DESCRIPTION (provided by applicant): Action potentials are generated at the axon initial segment (AIS) and are propagated via saltatory conduction at nodes of Ranvier. These domains are highly enriched in voltage gated Na+ channels, which form a multimeric complex with beta subunits, neuronal cell adhesion molecules, notably neurofascin (NF) 186, and the cytoskeletal proteins ankyrin G and piv spectrin. We have recently demonstrated that targeting of NF186 to PNS nodes is mediated via its extracellular interactions, that it has an essential role in node formation by recruiting ankyrin G via its cytoplasmic domain, and that ankyrin G in turn, is required for the accumulation of sodium channels. In contrast, ankyrin accumulation at initial segments, which is also critical for domain organization is intrinsically specified, independent of NF186. These studies raise a number of key questions. What is the source of proteins targeted to the node and how do they traffic to this site? Are nodal components, once assembled, stably expressed at the node or do they continuously turnover and, if so, is this turnover enhanced by demyelination? Finally, do CNS nodes assemble like PNS nodes (i.e. directed by extracellular signals) or more akin to initial segments (i.e. directed from the inside-out via interactions with ankyrin G)? In this proposal, we address these questions and further characterize mechanisms of node assembly by: i) determining how proteins traffic to PNS nodes, including whether they are recruited from cell surface pools or via directed vesicular transport, ii) live image nodes to examine dynamic changes that occur during development and with demyelination, and iii) examine the dependence of CNS nodes on NF186- dependent signals in cocultures and targeting signals in transgenic mice. These studies should provide important new insights into the axo-glial interactions that regulate the assembly and maintenance of nodes of Ranvier. They will also be an important foundation for elucidating pathogenetic changes at nodes that result from demyelination.

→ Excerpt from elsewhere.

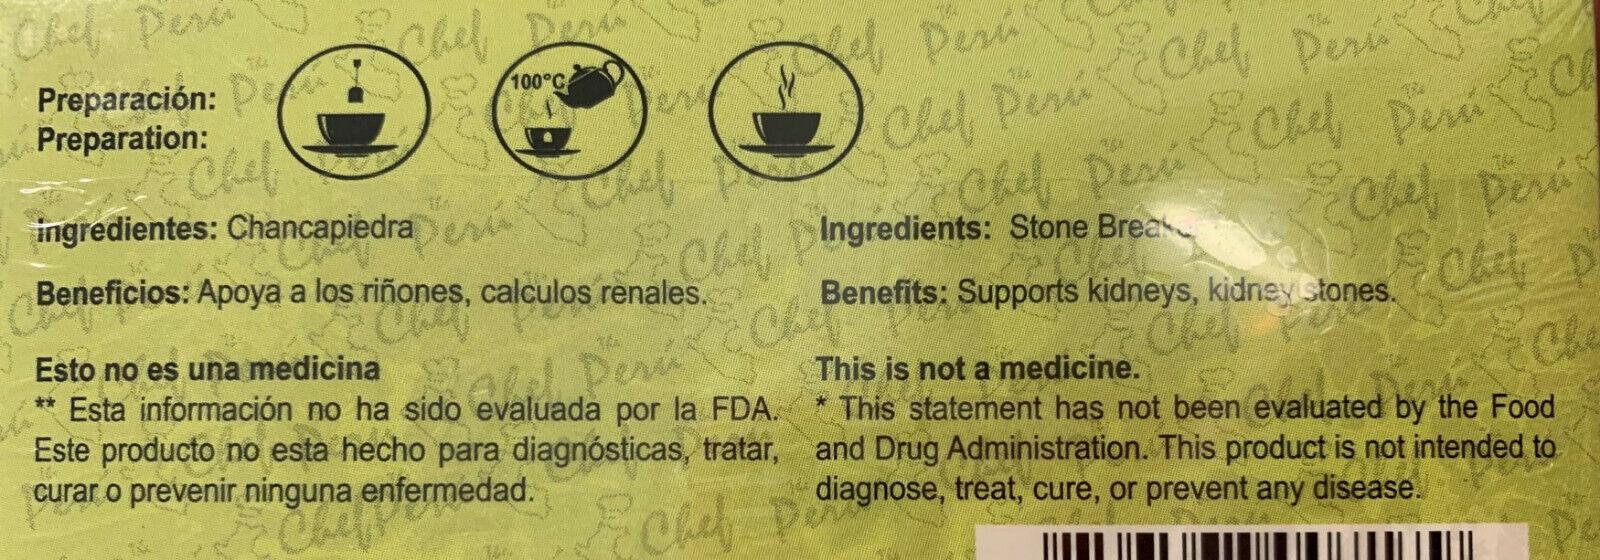 Chanca Piedra Hierba Te (Stone Braker Herbs Tea) 3 Bags 5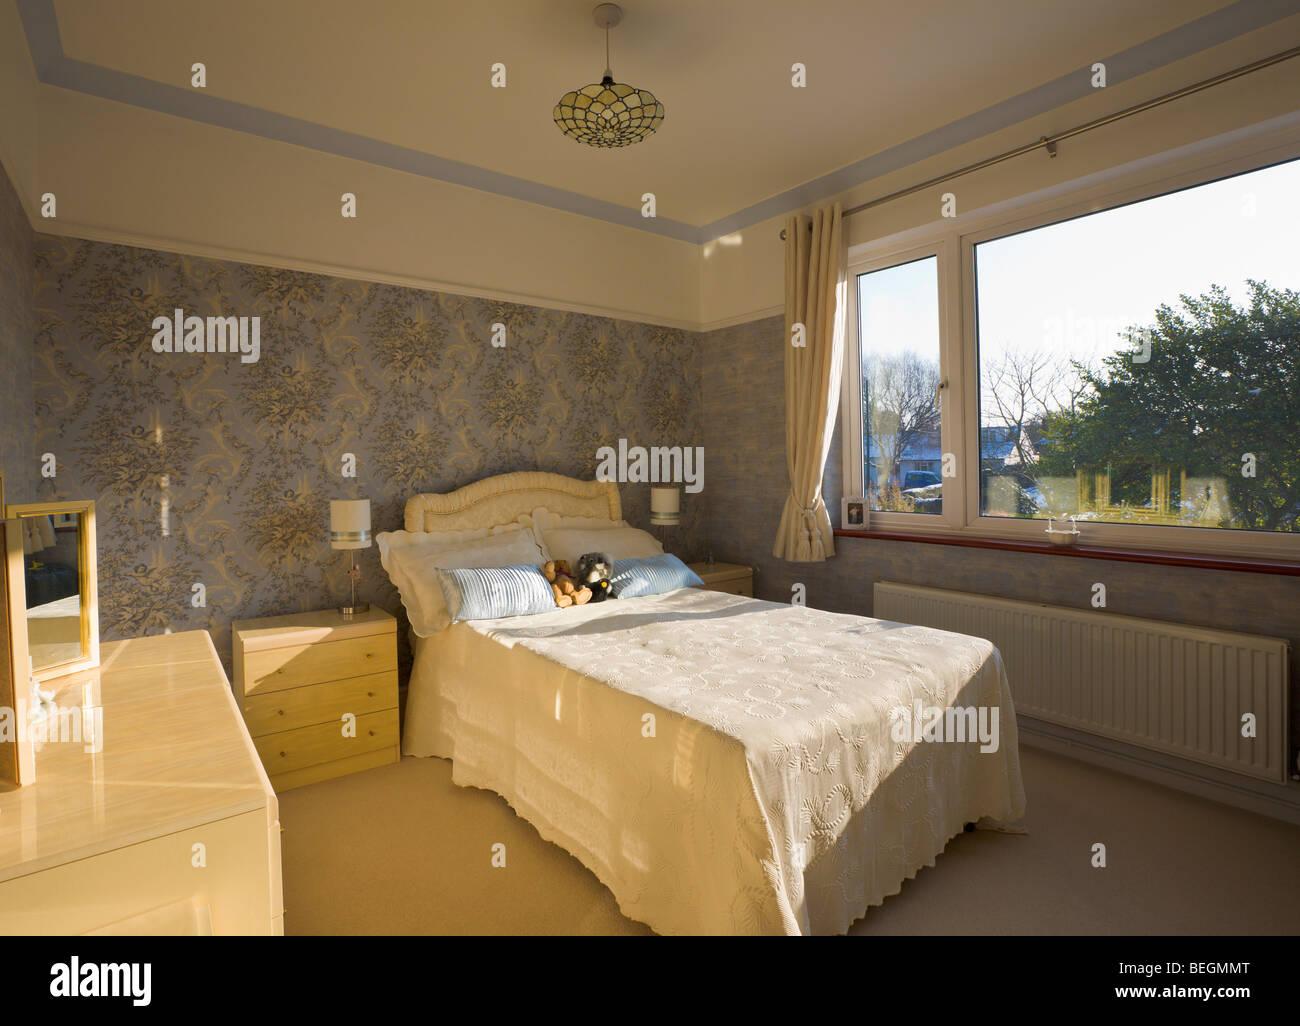 Dormitorio de matrimonio Imagen De Stock

描述（由申请人提供）：动作电位是在轴突初始段（AIS）上产生的，并通过Ranvier节点的盐传导传播。这些结构域高度富集在电压门控的Na+通道中，该通道形成了具有β亚基，神经元细胞粘附分子的多聚体配合物，尤其是神经胶质细胞（NF）186，以及细胞骨架蛋白蛋白Ankyrin g和piv Spectrin。我们最近证明，将NF186靶向PNS节点是通过其细胞外相互作用介导的，它通过通过其细胞质结构募集Ankyrin G募集Ankyrin g在节点形成中具有重要作用，而Ankyrin g又需要用于钠通道的积累。相比之下，对域组织也至关重要的初始细分处的骨蛋白积累是本质上指定的，独立于NF186。这些研究提出了许多关键问题。靶向节点的蛋白质的来源是什么？它们如何流入该网站？一旦组装而成，在节点上稳定表达还是不断营业额，如果是这样，是否通过脱髓鞘增强了这种营业额？最后，CNS节点会像PNS节点（即通过细胞外信号指示）或类似于初始段（即通过与Ankyrin g的相互作用从内而外指导）组装吗？在该提案中，我们通过以下方式解决了这些问题并进一步表征节点组装的机制：i）确定蛋白质如何流动到PNS节点，包括它们是从细胞表面池中募集还是通过有向的囊泡传输募集，ii）实时图像节点，ii）实时图像节点，以检查在开发和demyelination n. everence of Cn.nf inf inf inf inf inf inf inf inf inf。靶向转基因小鼠中的信号。这些研究应为调节Ranvier节点组装和维护的Axo-Glial相互作用提供重要的新见解。它们还将成为阐明由脱髓鞘导致的节点的致病变化的重要基础。